ブンブン首を振っているにもかかわらず、どこ吹く風でアランドは取り合ってもくれない。クスクス、クスクスいつもこんなに笑わないのに、今夜は子供に戻ったみたいに笑っている。やってる事はお遊びなんて言われたくはないんだけど………!
 
 あろう事かアランドはシャーリンの夜着の前紐を解いてしまってスルリと素手が中に入ってくる。

「!?」

 熱い、熱いアランドの手…お酒が入ってきるせいで体温も上がっているんだとは思うけど、少し冷え性のシャーリンからは十分に熱く感じてしまう…

「…ぁっ……」

 スルッと腰から下にまでアランドの手が滑る。

「はぁ……シャーリンの肌は気持ちが良いな…今日は少し冷んやりしてて、それでも手に吸い付く様にしっとりしてる……」

 胸元に舌を這わせ始めたアランドが腰回りを何度も撫で撫でしてて…

 もう…!もう!アランドが信じられない…!普段こんな事を絶対に言わないじゃない!

「柔らかいな……シャーリン……ずっとこうしていたい……………」

 アランドはそう言ってギュウッと抱きしめて来た…

 お願いだから、アランド…それは本当のシャーリンに言ってあげて欲しい…!

「アランド……お願い…一度離して……」

 自分の身体よりも大きな男性にのし掛かられているのだから、もうそれだけで重くて身動きが取れない…

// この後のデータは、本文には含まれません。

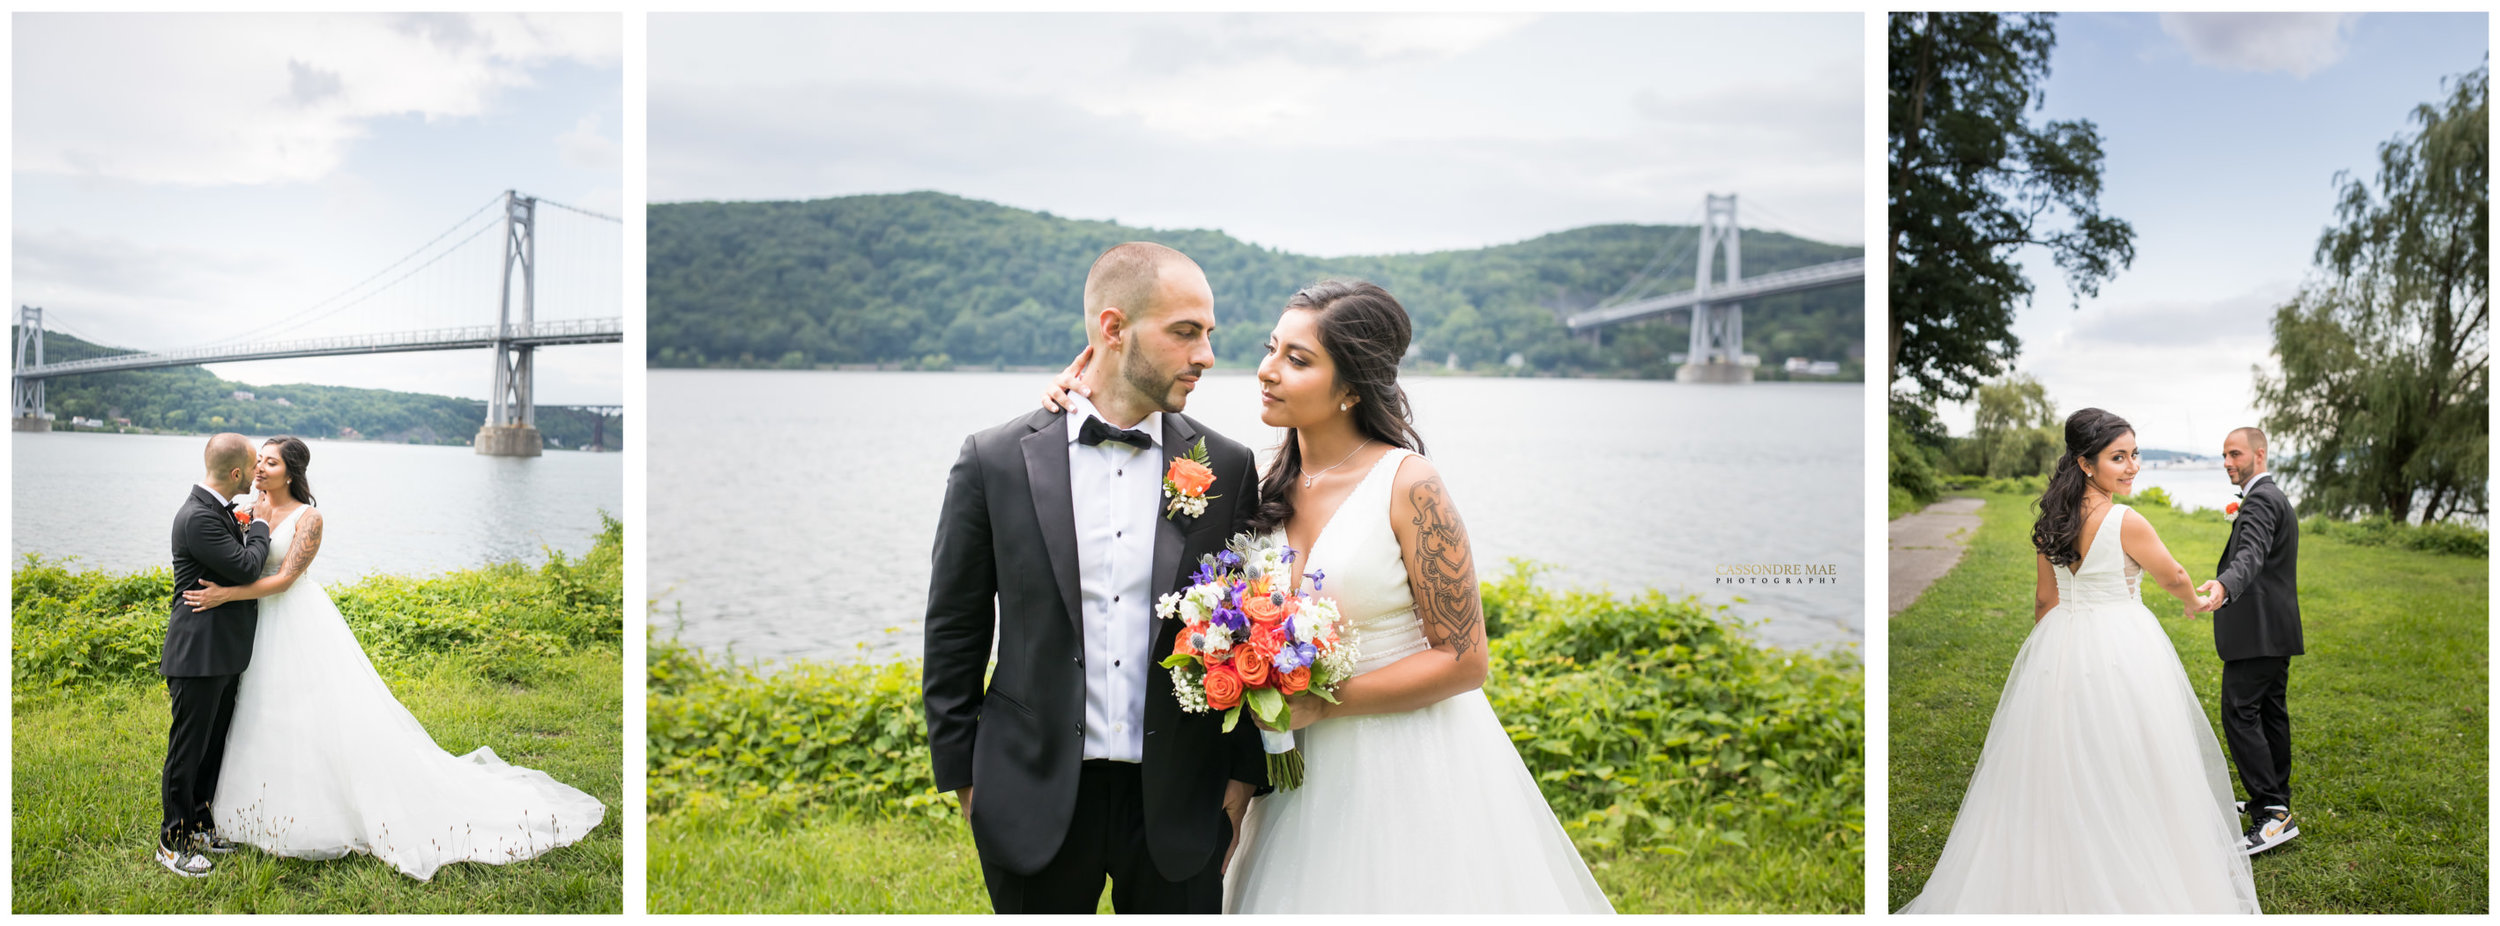 The Grandview Weddings Poughkeepsie New York

「アランド……。ねぇ?アランド…?ちょっと、どうしたの……?」

 あれだけ、ゴソゴソ、モソモソ動いていたアランドの動きがピタリと止まった。

「アランド…?」
 
 何度かの問いかけには全て、スゥー、スゥーと寝息が返って来る。

「寝てるの……?」

 流石に酒には弱いアランドだ……寝てくれてシャーリンはホッとため息を吐く…
が、ここからが大変だった。身動きも出来ない程の大きな体で押さえつけられているものだからシャーリンもこのままでは苦しい。なんとか抜け出そうにもやはりアランドの身体はびくともしない…
 結局、アランドが寝返りを打って仰向けになるまで、シャーリンはアランドの身体の下でもがいていなければならなかった。
 
 やっと抜け出せたシャーリンの姿は悲惨なもので、夜着の前は全て解けてしまっているし、髪はグシャグシャ…なんとか抜け出そうと格闘した為に全身汗びっしょりという、侯爵家の奥方や令嬢とはかけ離れた乱れた格好になっていた。

 なんて事…………

 自分の姿を見下ろせば、今まで何をしてたのかと頭が痛くなるほど恥ずかしいものだった。それも弟と……

「寝てくれて………良かった…………」

 あのままだったら自分はどうなってしまっていたのか、には想像もつかない事だったから…

「………鍵を……」

 火照った頬は未だに冷めてはいなかったけれど、本来の目的である鍵をアランドから貸してもらわなければ…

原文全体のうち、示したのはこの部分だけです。